Ouch, thanks for the heads up!

Small feedback about the website: It should be easier to leave the docs subdomain and look at the main page. Took me way to long to get to your pricing page.

Appreciate the feedback! I'm undergoing a massive redesign of the site that should be much friendlier. What you're seeing right now is the work of one person under tight deadlines :)

Great article. Do you have any prevention of overloading a single domain if the number of concurrent requests is increased?

Entrepreveloper, I like that.

Some of the puppeteer notes are effectively in the docs and quick starts. I've found puppeteer to be an absolute joy to use after years of phantom, custom scrapers, common scraper libraries, etc.

At a certain scale things obviously get harder but making your "sessions" ephemeral handles a lot of the resource issues.

The cat and mouse with people looking to block puppeteer access may heat up a bit too. But for the most part puppeteer makes doing this stuff 100x easier.

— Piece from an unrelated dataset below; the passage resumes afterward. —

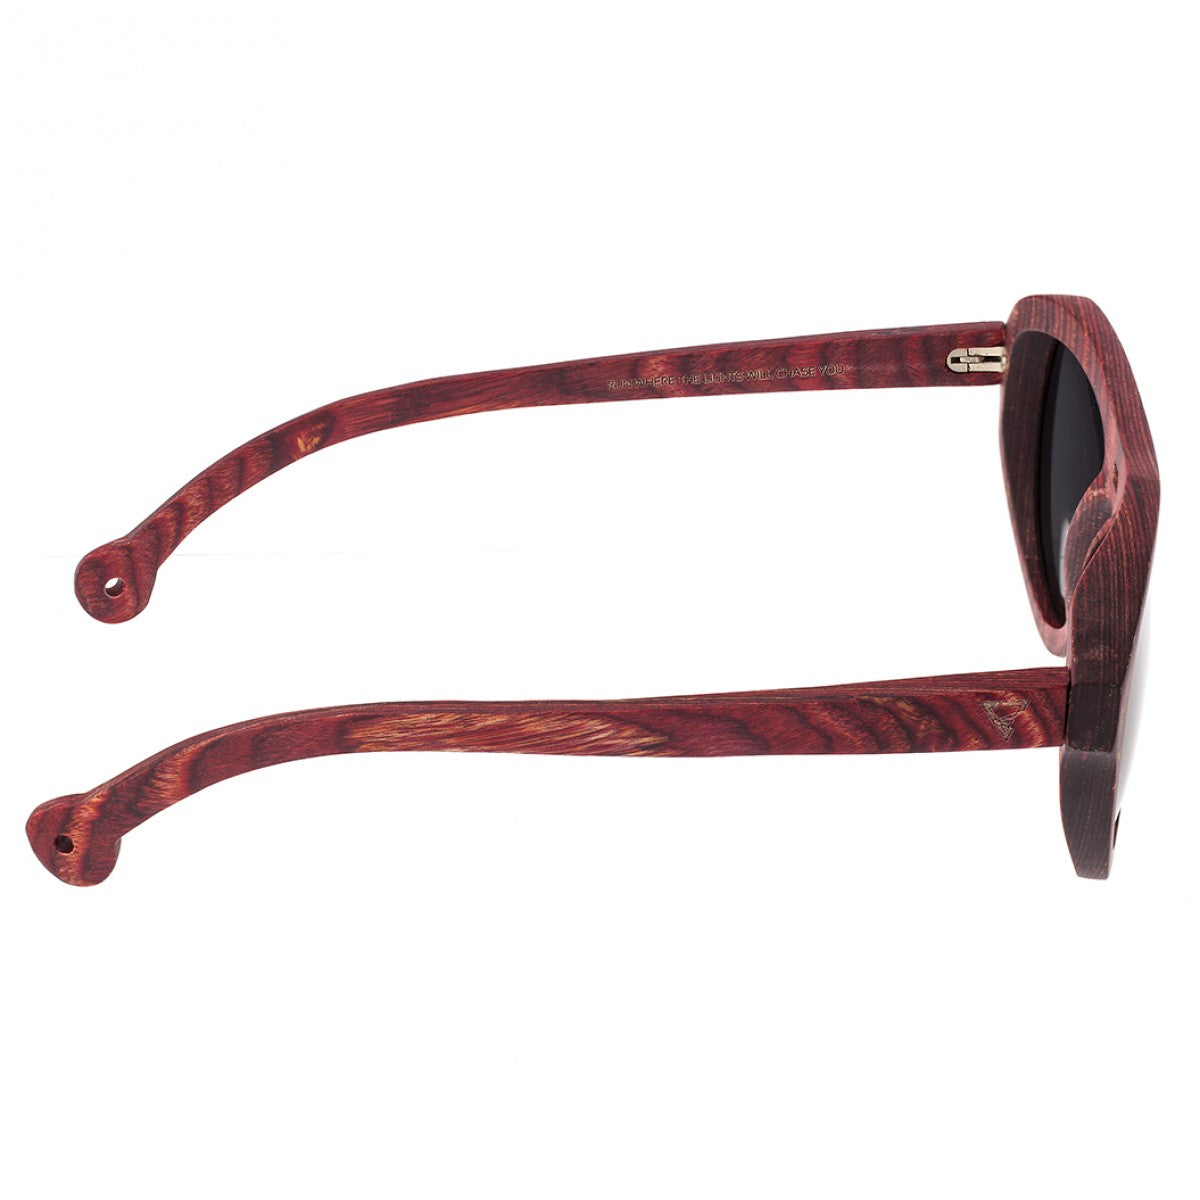 Spectrum Keaulana Wood Polarized Sunglasses - Cherry/Black - SSGS112BK

Right - probably repeating some stuff already out there. The main issue I’ve been seeing on puppeteers slack channel is folks who are totally new, and don’t read the docs, so trying to help all devs effectively

Very interesting to see this. I've been running a similar infrastructure rendering sometimes up to 500k pages a day, although often without images. I'm also running on Digital Ocean, but using nightmare.js (https://github.com/segmentio/nightmare), which runs on top of Electron, which in turns runs on top of Chromium.

The CPU and RAM patterns I see are different, with fixed CPU usage at near max and memory oscillating between 65% and 80%. I believe this is due to the different usage pattern, I basically always have at least 20/30 jobs running concurrently on each machine, and they're usually fairly long (up to 10 minutes or so).

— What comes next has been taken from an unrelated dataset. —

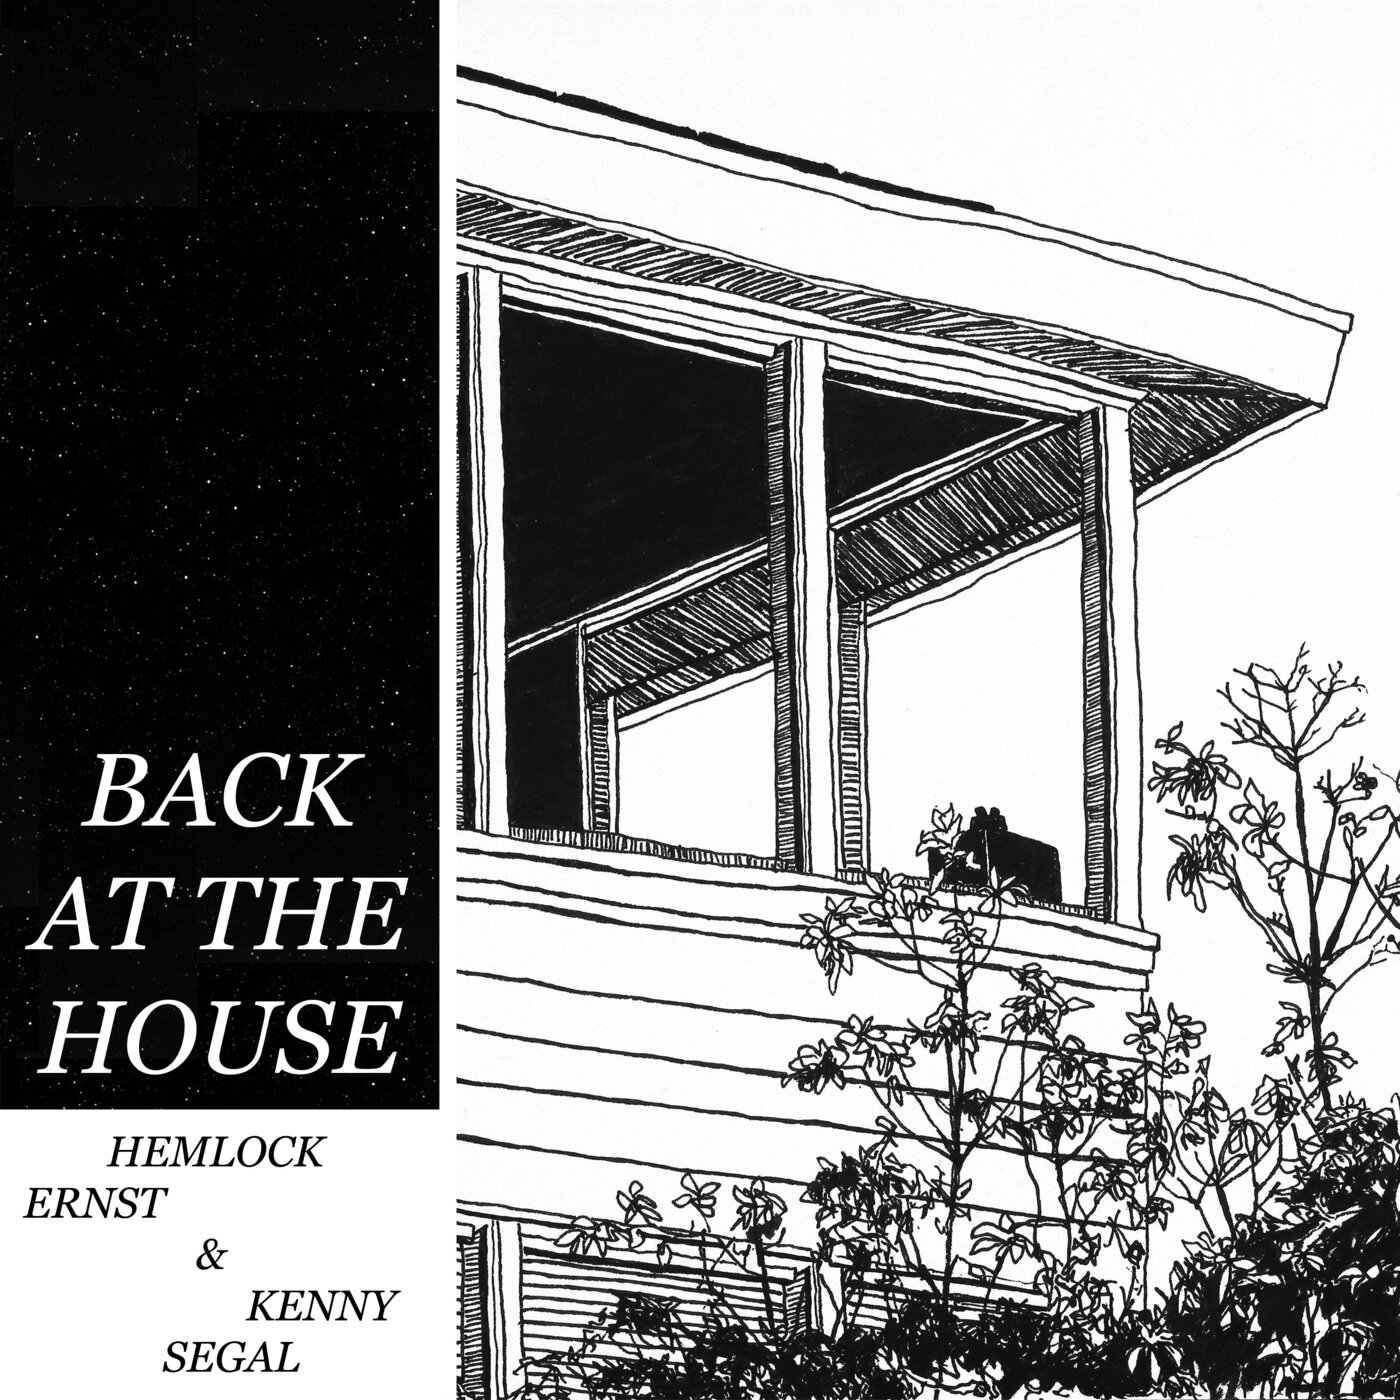 23 Hemlock Ernst and Kenny SegalBack At The House.jpg

Contrary to what you mention, I've never had an issue with pages crashing and bringing the whole browser down. Maybe it has happened, but it's definitely negligible compared to the benefits I get by running say 5 pages in parallel. For some tasks I've also had some luck overriding the cross-content policy and using dirty ol' iframes to render multiple webpages in the same session.

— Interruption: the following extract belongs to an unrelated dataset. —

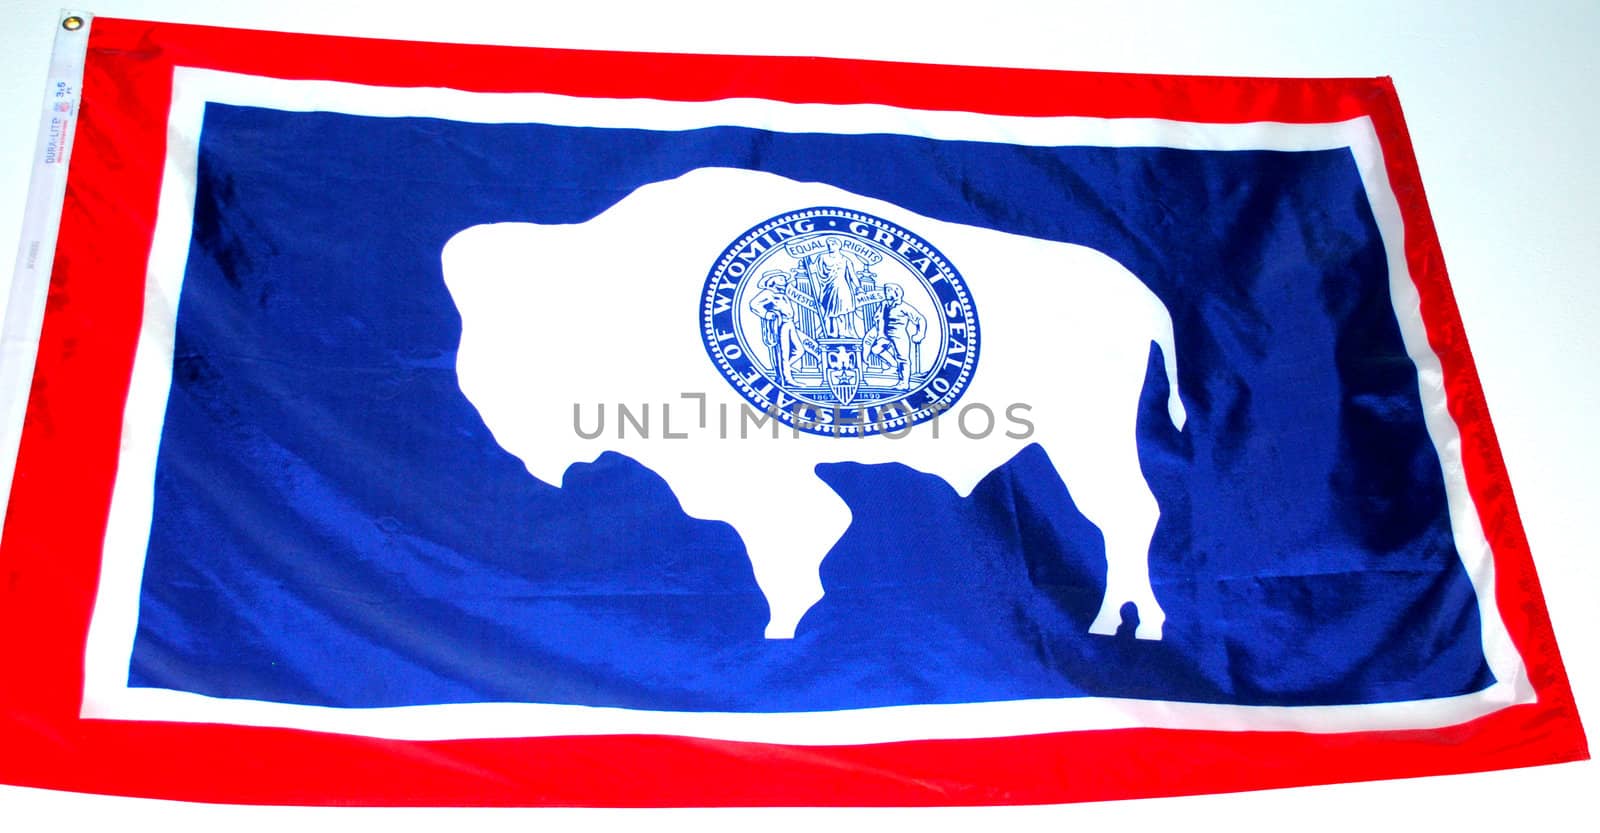 Wyoming state flag displayed outdoors.

I've considered migrating to puppeteer, so it's encouraging to see large scale project sharing their experience with it.

Same experience here - we run a docker instance of Chrome using tabs for multiple pages rather than multiple browsers, and they regularly run for days without issues. Of course their RAM usage gradually expands but it is easy enough to systematically stop & start the container, thanks to some built in error and fault handling to retry any requests which failed.

I can’t say I’ve seen one tab bring down the entire browser, but I’m sure thats feasible, but thanks to docker and the fault handling above, it’d restart the instance and be up within seconds.

This is what I've initially noticed as well (app will run for several days and eventually the account will cancel due to unavailability ... you'll get paged).

The screenshot I showed in that post is an instance that's been running for _months_ under high load. I can't stress enough that using tabs/pages will always result in frequent restarts which can be really tricky if there's other sessions that need to gracefully finish.

Problem with fixed concurrency is that required memory per Chrome process varies a lot.

We (https://www.apify.com) are solving this by autoscaling number of parallel Puppeteer instances based on memory and CPU. Our open source SDK (http://github.com/apifytech/apify-js) implements this using class PuppeteerCrawler (https://www.apify.com/docs/sdk/apify-runtime-js/latest#Puppe...) which internally uses AutoscaledPool that provides autoscaling:

- https://github.com/apifytech/apify-js/blob/master/src/autosc...

- https://www.apify.com/docs/sdk/apify-runtime-js/latest#Autos...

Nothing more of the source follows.